Georgia officials say the discoveries, announced Wednesday, were made by a 36-year-old graduate student at Georgia Southern University who set out to find Camp Lawton for his thesis project in archaeology.
He stunned experienced pros by not only pinpointing the site, but also unearthing rare artifacts from a prison camp known as little more than a historical footnote on the path of Gen. William T. Sherman’s devasting march from Atlanta to Savannah.
“What makes Camp Lawton so unique is it’s one of those little frozen moments in time, and you don’t get those very often,” said Dave Crass, Georgia’s state archaeologist. “Most professional archaeologists who ever thought about Camp Lawton came to the implicit conclusion that, because people weren’t there very long, there wouldn’t be much to find.”

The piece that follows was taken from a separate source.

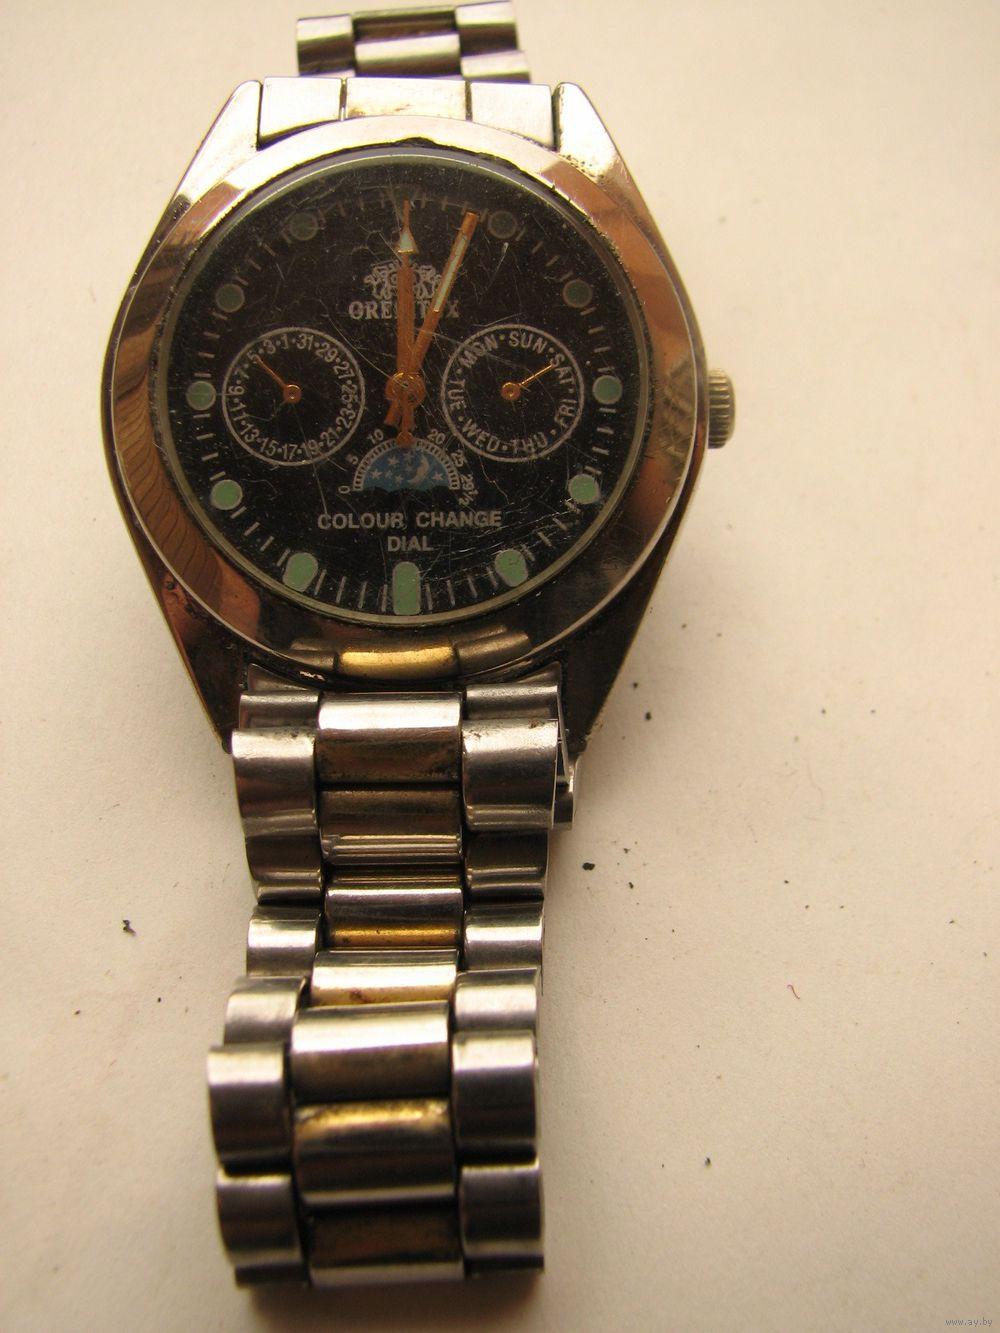 Часы Omax: история бренда, отзывы, интересные

Camp Lawton imprisoned more than 10,000 Union troops after it opened in October 1864 to replace the infamously hellish war prison at Andersonville. But it lasted barely six weeks before Sherman’s army arrived in November and burned it.

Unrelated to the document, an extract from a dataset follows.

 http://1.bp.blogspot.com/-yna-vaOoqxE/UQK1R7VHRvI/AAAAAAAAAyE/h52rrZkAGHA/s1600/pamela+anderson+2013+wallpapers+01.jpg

The camp’s brief existence made it a low priority among scholars. While known to be in or near Magnolia Springs State Park outside Millen, 50 miles south of Augusta, the camp’s exact location was never verified.
That task last year fell to Georgia Southern student Kevin Chapman. The state Department of Natural Resources offered Chapman a chance to pursue his master’s thesis by searching the park grounds for evidence of the 15-foot pine posts that formed Camp Lawton’s stockade walls.
The work started in December. By February, Chapman, his professor and about a dozen other students had dug up stains in the dirt left by rotting wood and forming a straight line — remnants of the stockade wall.
About 1/4 mile away, on adjacent land owned by the U.S. Fish and Wildlife Service, they used a metal detector to find something else: a pre-Civil War penny about the size of a half-dollar. They were surprised nobody had beaten them to it.
“We thought, holy cow, in order for us to find an artifact like this, this site has to be undisturbed,” Chapman said. “To find a Civil War site that hasn’t been looted is extremely rare.”
Other artifacts soon followed. The tourniquet buckle was stamped with the name of a New York company that manufactured surgical equipment in the 1860s. The clay pipe bore the name of its maker in Glasgow, Scotland.
There was a literal half-penny — a coin cut in half to buy things costing less than 1 cent — and three other coins including a German-made game token stamped with George Washington’s profile.
“It illustrates a lot about the life of the prisoners,” said John Derden, a history professor at East Georgia College who spent years researching Camp Lawton for an upcoming book. “The significance of Camp Lawton is it really presents in microcosm almost every aspect of the Civil War POW experience, both good and bad.”
“Of course, Andersonville was a hellhole and is more important. But Andersonville is pretty archaeologically sterile.”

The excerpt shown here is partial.